(Data shown)
================================

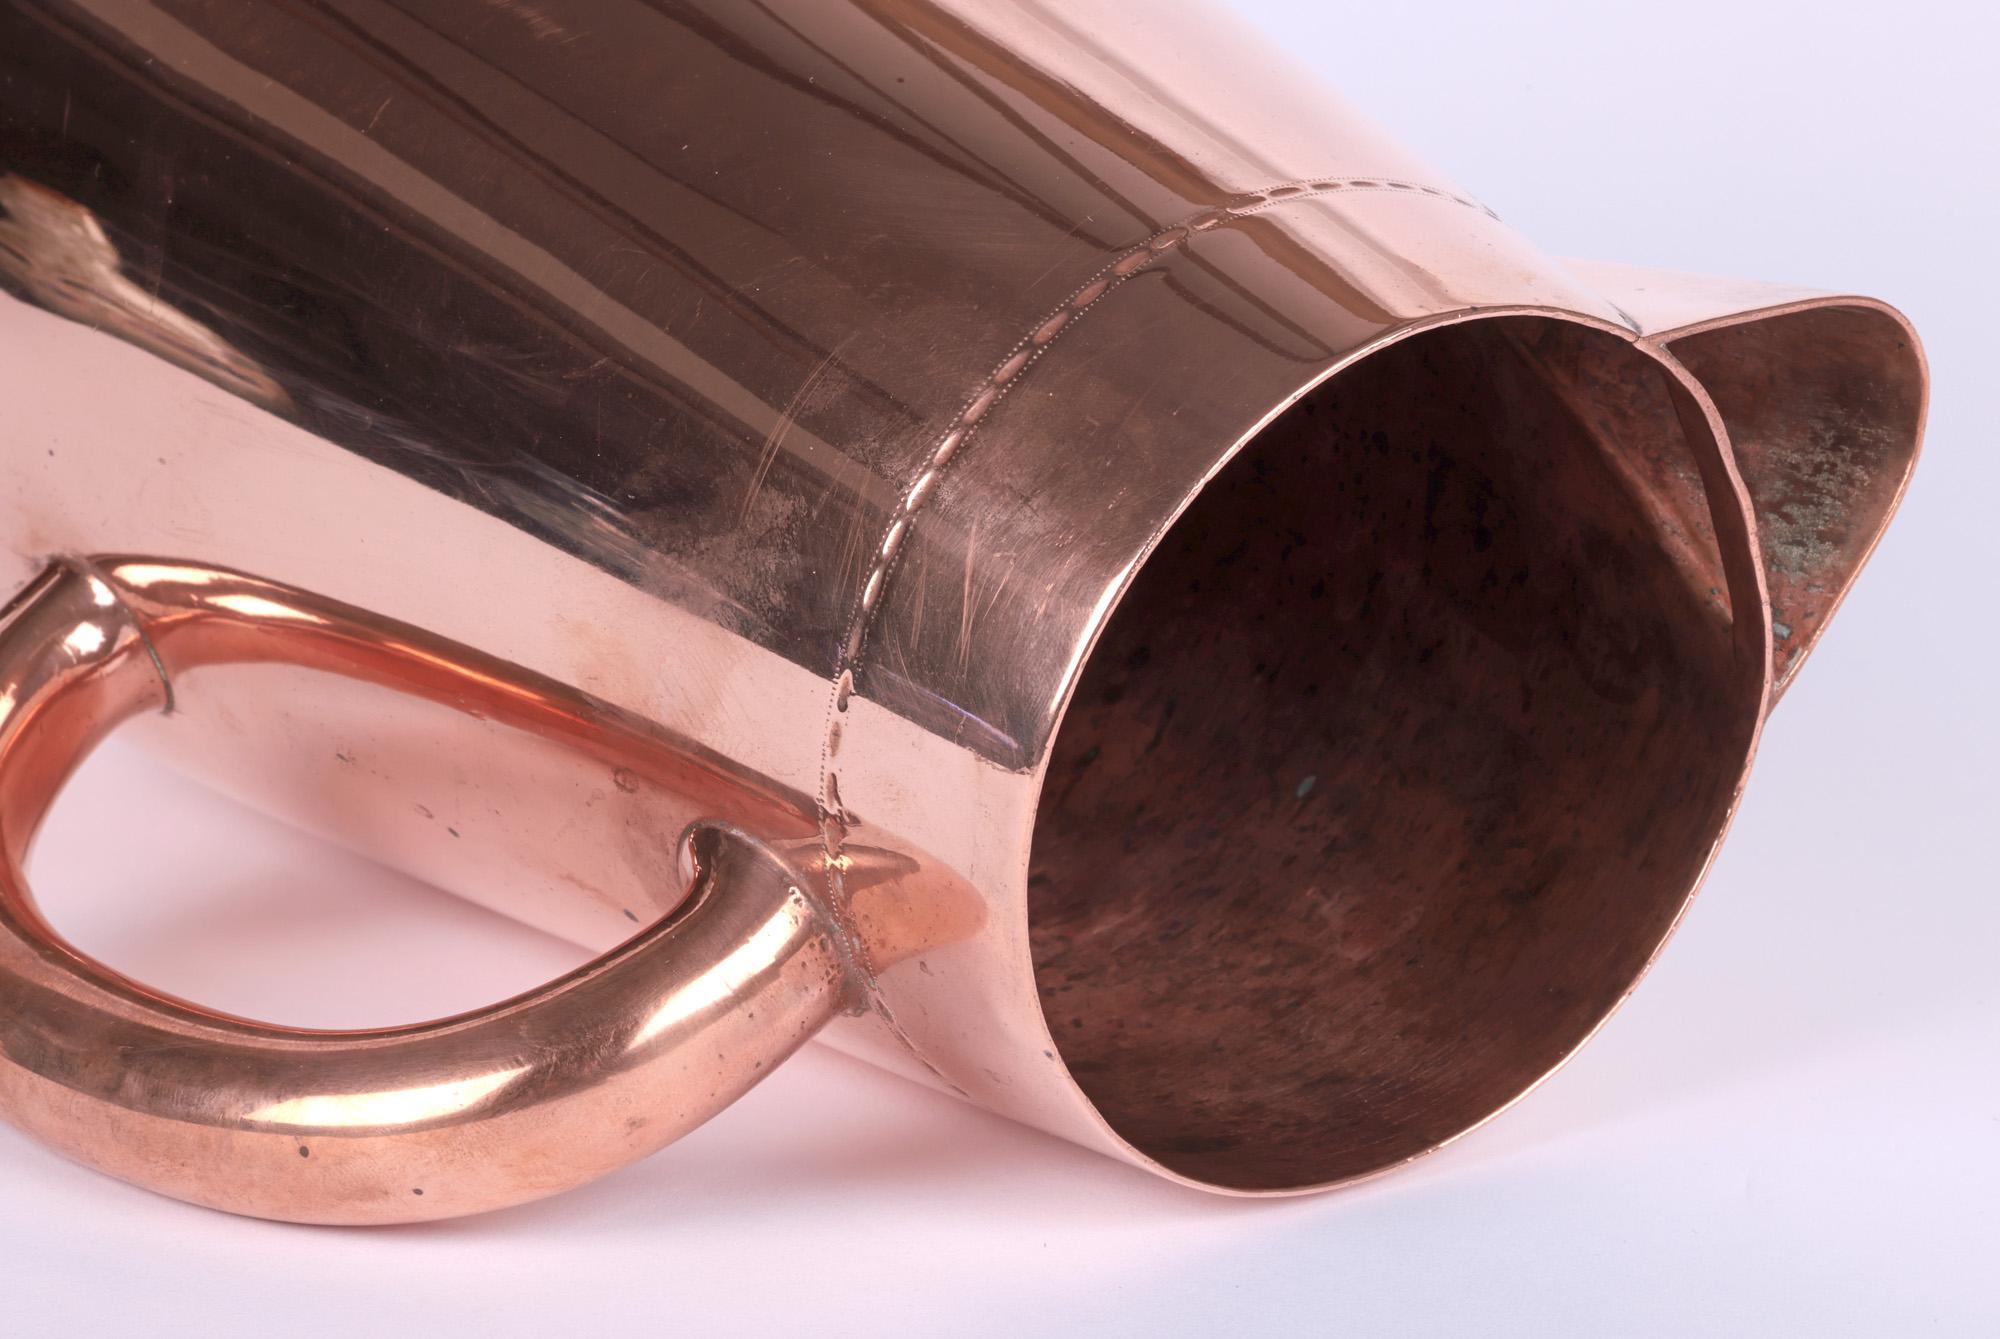 Brass Christopher Dresser Richard Hodd & Sons Large Copper Jug For Sale
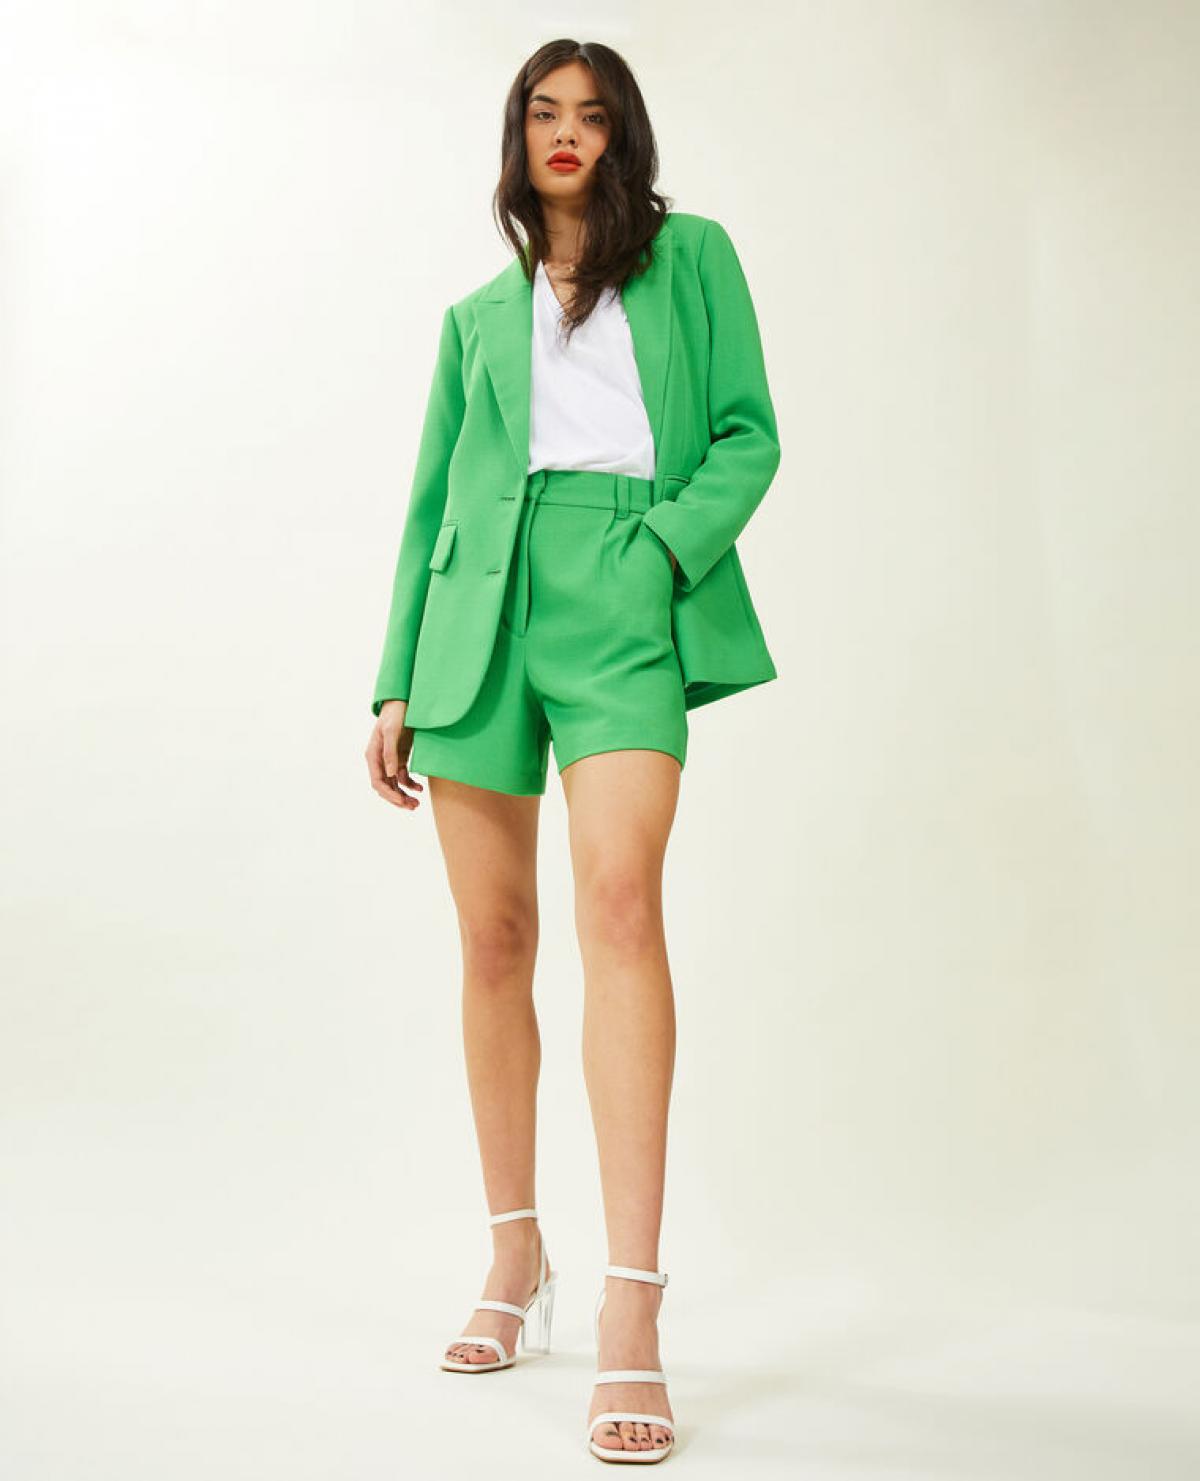 Le blazer cintré vert & short taille haute
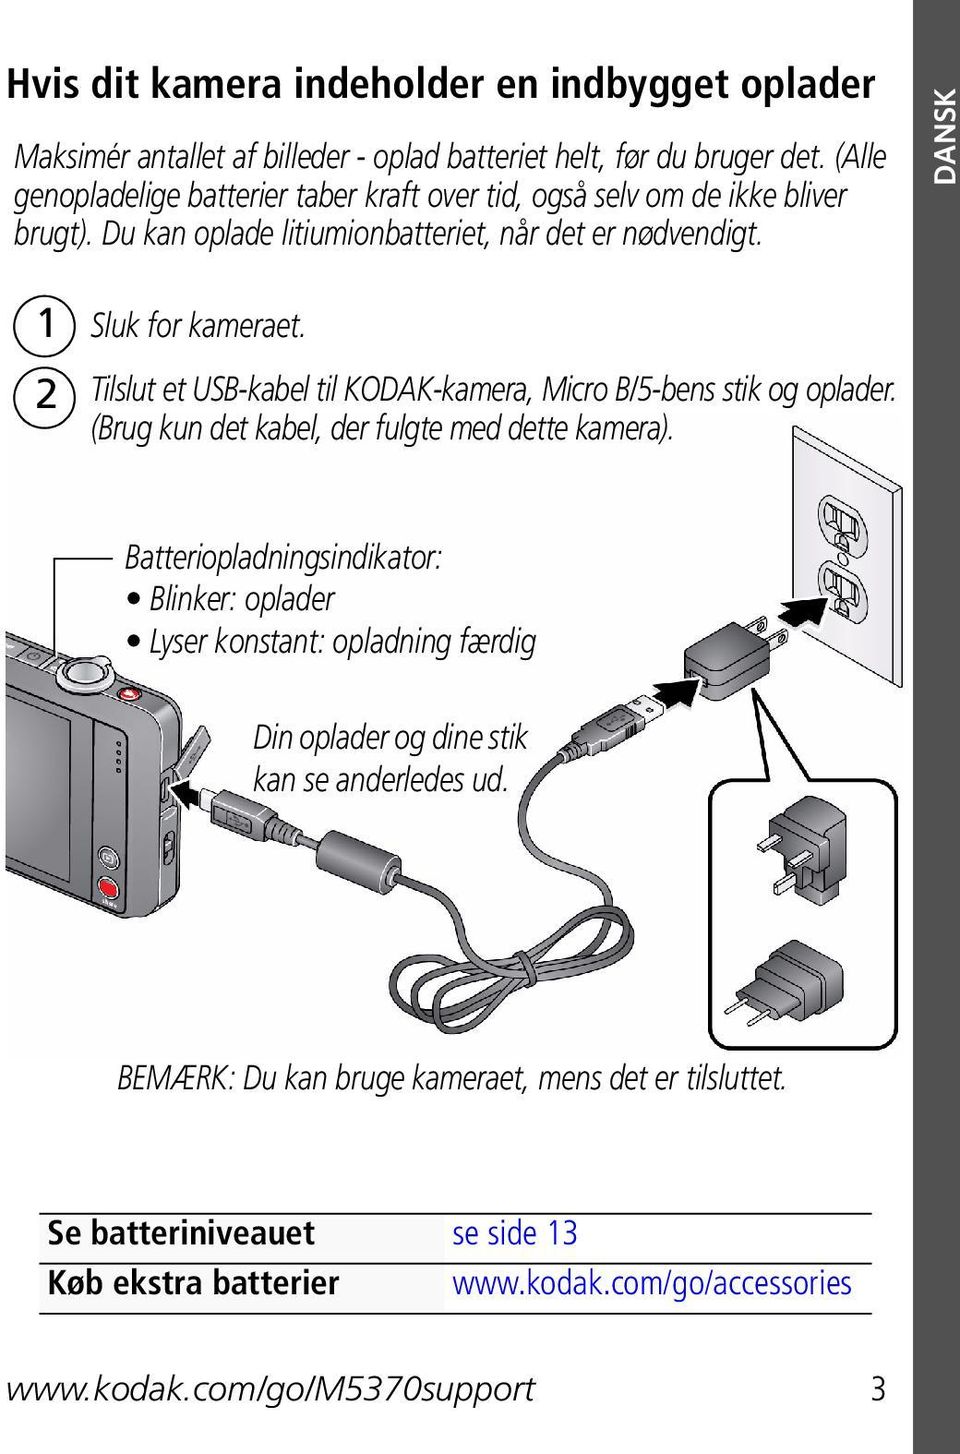 Tilslut et USB-kabel til KODAK-kamera, Micro B/5-bens stik og oplader. (Brug kun det kabel, der fulgte med dette kamera).

================================

(Task requirements)
Return the material as it stands. Leave out the pictures.

(The answer)
 Brass Christopher Dresser Richard Hodd & Sons Large Copper Jug For Sale
 Le blazer cintré vert & short taille haute
 Tilslut et USB-kabel til KODAK-kamera, Micro B/5-bens stik og oplader. (Brug kun det kabel, der fulgte med dette kamera).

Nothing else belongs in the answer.